Read your specs. No variation without written permission

Nobody cares that this was sent from my droid using. Plumbing Zone


----------



## TX MECH PLUMBER (May 27, 2011)

In my opinion you clear any changes with the general contractor... If he wants he will speak with the engineer about changes and give you an answer... If you do it that way then it's ther as if it doesn't work ... You change it on your own and it screws up you have to fix it out of pocket ....


----------



## plbgbiz (Aug 27, 2010)

Based on a recent lapse in judgement, I attempted to strike a deal with an out of state GC on a small commercial project. (finish out a tenant space in a mall)

As usual, the GC was complaining about my price being too high. He had two bids. Me at $8700 and another Plumber at $7100 (so he said). In short the plan called for H/C copper piping, 6 gallon water heater, mop sink, r/r concrete as needed.

Other guy didn't have the level of liability insurance required and zero worker's comp coverage. He was going to use PEX for the water lines. GC flipped out when I said I wouldn't change my bid to PEX to meet the price without signed approval from the architect. He was enraged even more when after 3 months of not hearing from him, he wanted us to start with 24 hours of notice.

So when something failed on the job, who do you think would have been liable? The GC in another state or me right down the street. I never heard back from him with the architect's approval and I'm glad. Some jobs are not worth having.


----------



## 100 Watt (Aug 11, 2011)

In my experience it really depends on your inspector and GC. Most of the time a slight deviation from the plans is overlooked. A major change and the inspector will ask for revised plans. As long as you've cleared it ahead of time with the GC, hopefully no big deal. Sometimes though the engineer will not want to change the plans because they are ultimately putting their name on them saying it will work.

We've all seen jobs "over engineered" such as 4" drain to a single toilet. We all know 3" is all you need for a toilet.

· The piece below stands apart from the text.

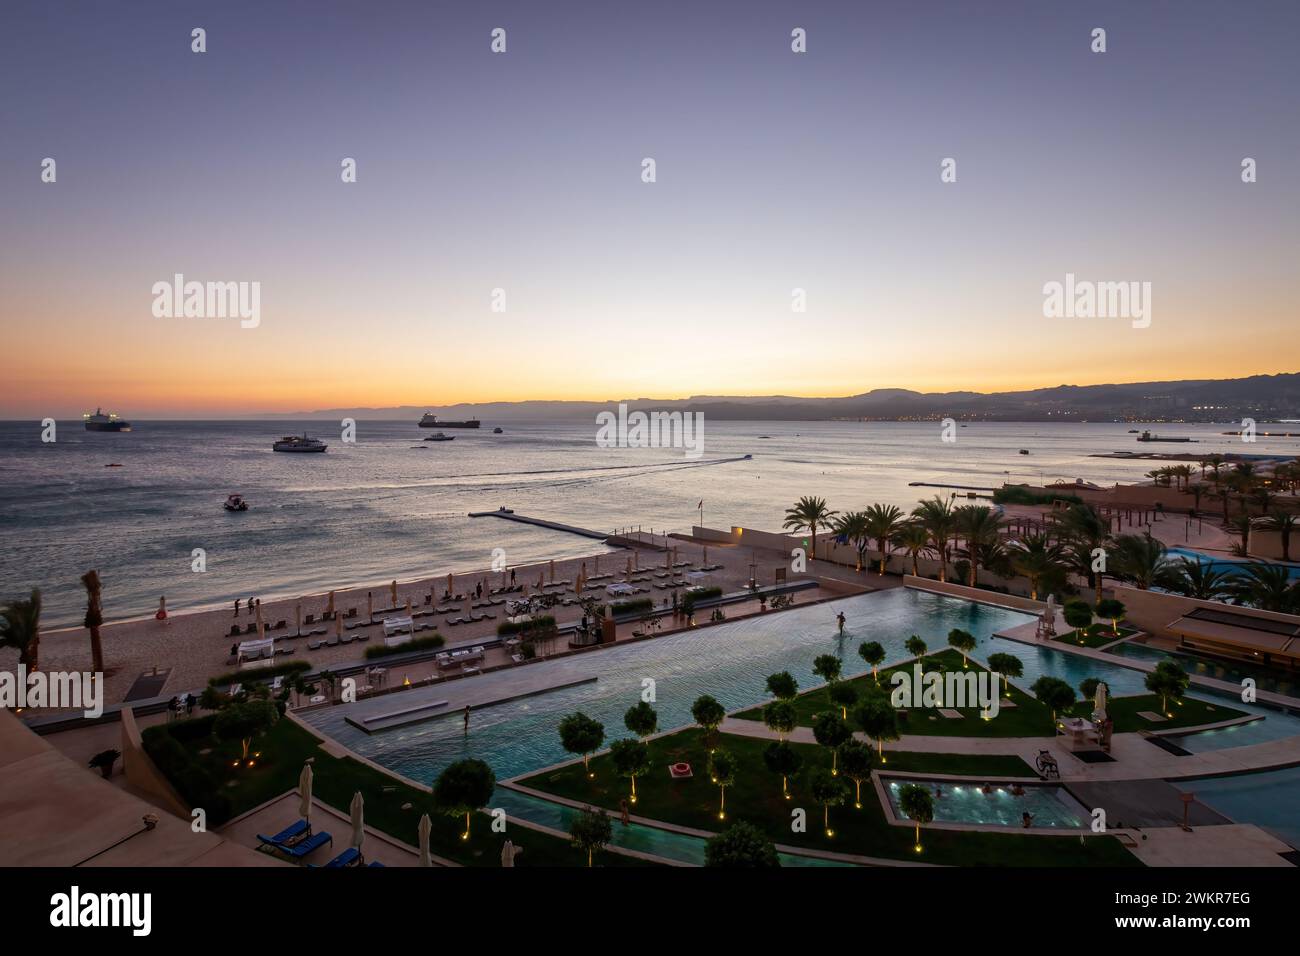 Scenic view of swimming pool and beach at Gulf of Aqaba in Aqaba, Jordan at sunset Stock Photo

In the end, bid the job per plans. Then, tell them you can "value" engineer it for them. As long as the engineer will redraw to your layout, great.

Most engineers over size to CYA. Most vent every fixture seperatley because they don't know of venting exceptions. 

Just my $.02


----------



## BROOKLYN\PLUMB (May 21, 2010)

ILPlumber said:


> Read your specs. No variation without written permission
> 
> Nobody cares that this was sent from my droid using. Plumbing Zone


When I submit for signoff there's a space provided to explain any variance to the plan 
If its out there then they want the plans amended to reflect actual plumbing. Sometimes they just get whatever plan proved completely go off script and the amend amend amend


----------



## Optimus Primer (May 20, 2009)

Sometimes the G.C can authorize changes, other times the architect. Just all depends. I was doing a Lincoln Mercury dealership and it called for a roof drain to be in a stairwell with 8" cast iron. I told the super no way am I putting it there and see if he could move it over about 4'. The roofers were just now putting down the 2" thick foam board. He authorize the change for me to scoot it over out of the stairs and the roofers can slope to it. No issues at all. Some times you have to change the locations from what they drew due to other trades. That's why you draw as builts so they can have a correct copy.


----------



## U666A (Dec 11, 2010)

house plumber said:


> Sometimes the G.C can authorize changes, other times the architect. Just all depends. I was doing a Lincoln Mercury dealership and it called for a roof drain to be in a stairwell with 8" cast iron. I told the super no way am I putting it there and see if he could move it over about 4'. The roofers were just now putting down the 2" thick foam board. He authorize the change for me to scoot it over out of the stairs and the roofers can slope to it. No issues at all. Some times you have to change the locations from what they drew due to other trades. That's why you draw as builts so they can have a correct copy.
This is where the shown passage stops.